Stretching your body is a major part of any physical exercise, but we don't have to associate it with exercise alone. It can also be beneficial if you are sedentary. Standing up and moving around after sitting for long periods returns the blood flow to stiff arms and legs and keeps you mentally alert. Proper stretching is thought to help avoid injury by increasing your flexibility, which can also improve performance in physical activity.
Stretching the body offers other benefits in addition to keeping the body flexible to avoid injury, according to author and physical therapist Dr. Suzanne Martin. Proper stretching helps lengthen the muscles, which leads to better posture. Stretching the muscles and tendons also improves circulation of water and nutrients throughout the body, which slows the aging process. It can also reduce stress and promote relaxation. Stretching your muscles can help avoid muscle spasms, and help your joints move through their full range of motion. Stretching the neck muscles can also help reduce headaches.
Let's say, for example, that your Achilles tendon is tight and lacks flexibility. If you do a lot of hill walking, your foot may not move through its full range of motion. Over time, this can increase your risk of tendinitis or tendinopathy in your Achilles tendon. Stretching your Achilles tendon, though, may improve the range of motion in your ankle. This, in turn, can decrease the risk of microtrauma to your tendon that can lead to overload and injury.
Stretching needs to be done properly to be effective. Following some basic advice can help avoid losing any possible benefits. Warm up the muscles before stretching by walking, jogging or biking for 10 minutes. Don't stretch cold muscles. Focus on the muscles that need stretching the most -- neck, shoulders, calves, thighs, lower back and hips. Stretch both sides evenly. For example, stretch both the left and right shoulder. Avoid bouncing when you are stretching; aim for a slow, gradual stretch. Hold the stretch for 30 seconds and do three to four stretches for each muscle, avoiding stretching to the point of pain. Stretch regularly, at least twice a week. If you stop stretching, your muscles will stiffen and shorten over time.
Stretching is beneficial, but there may be times when you need to be very careful or avoid stretching altogether. If you are participating in a very intense activity, such as a sprint, it's best to wait until after you
are finished to stretch.

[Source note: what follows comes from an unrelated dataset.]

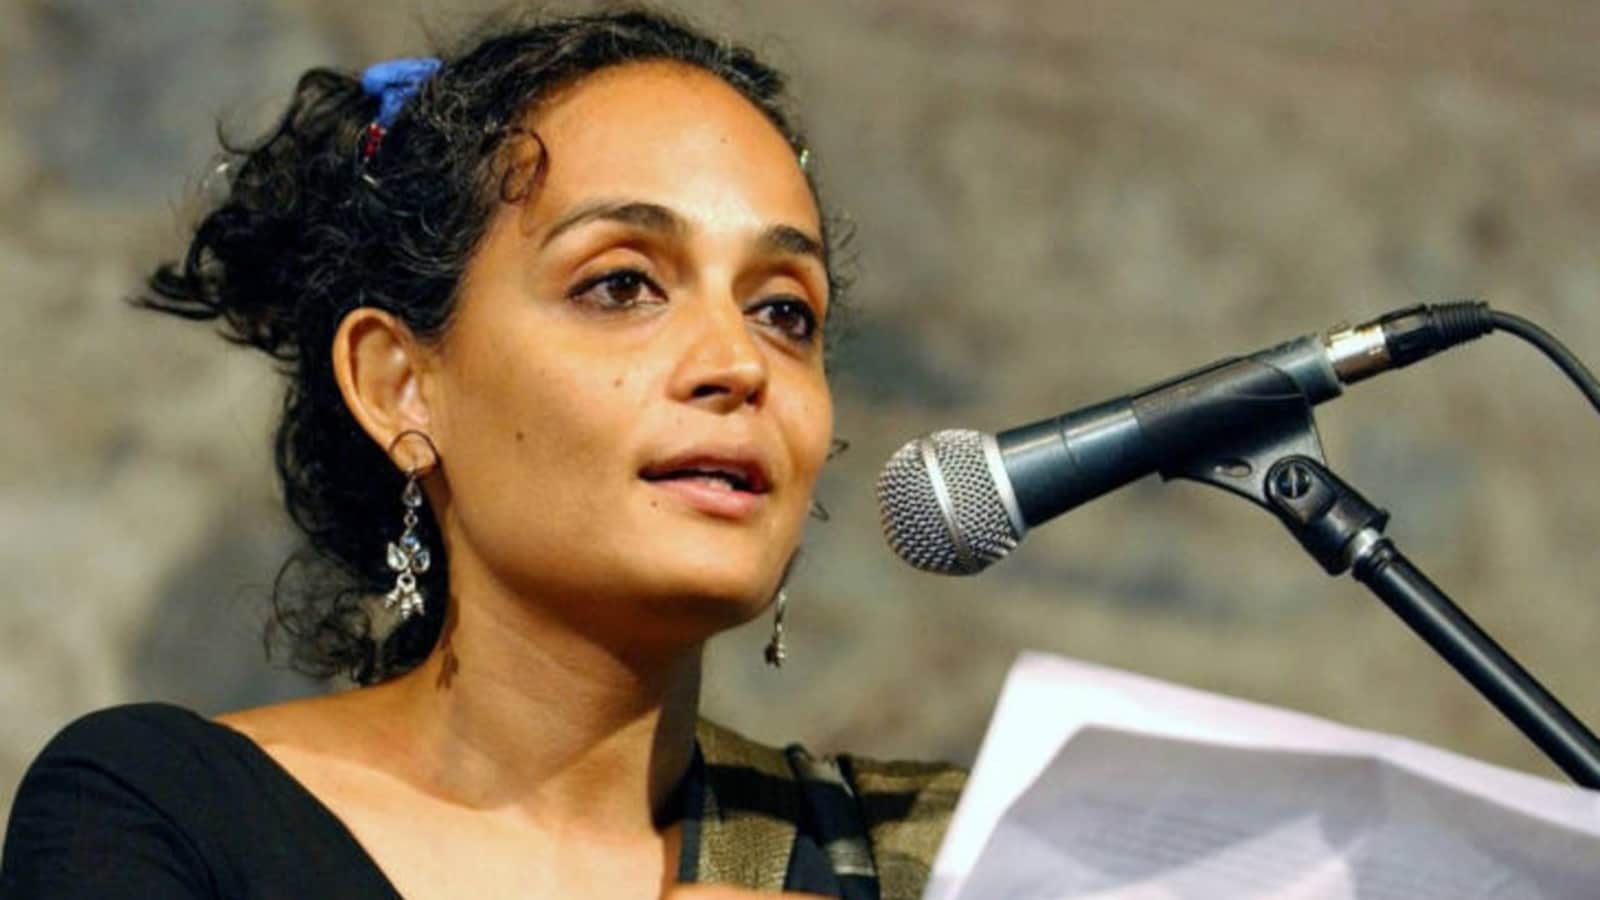 Author Arundhati Roy faces prosecution in India over 2010 speech

Stretching an injured muscle or tendon can cause further damage. Some chronic health conditions are exacerbated by stretching. Consult a doctor if you have an injury or health condition that may cause problems when stretching. A doctor can advise you of your limitations and will make recommendations for your condition.
In 30 days you will see noticible improvement to your flexibility and you may come to enjoy the ritual of stretching before — or better yet, after — hitting the trail, ballet floor or soccer field.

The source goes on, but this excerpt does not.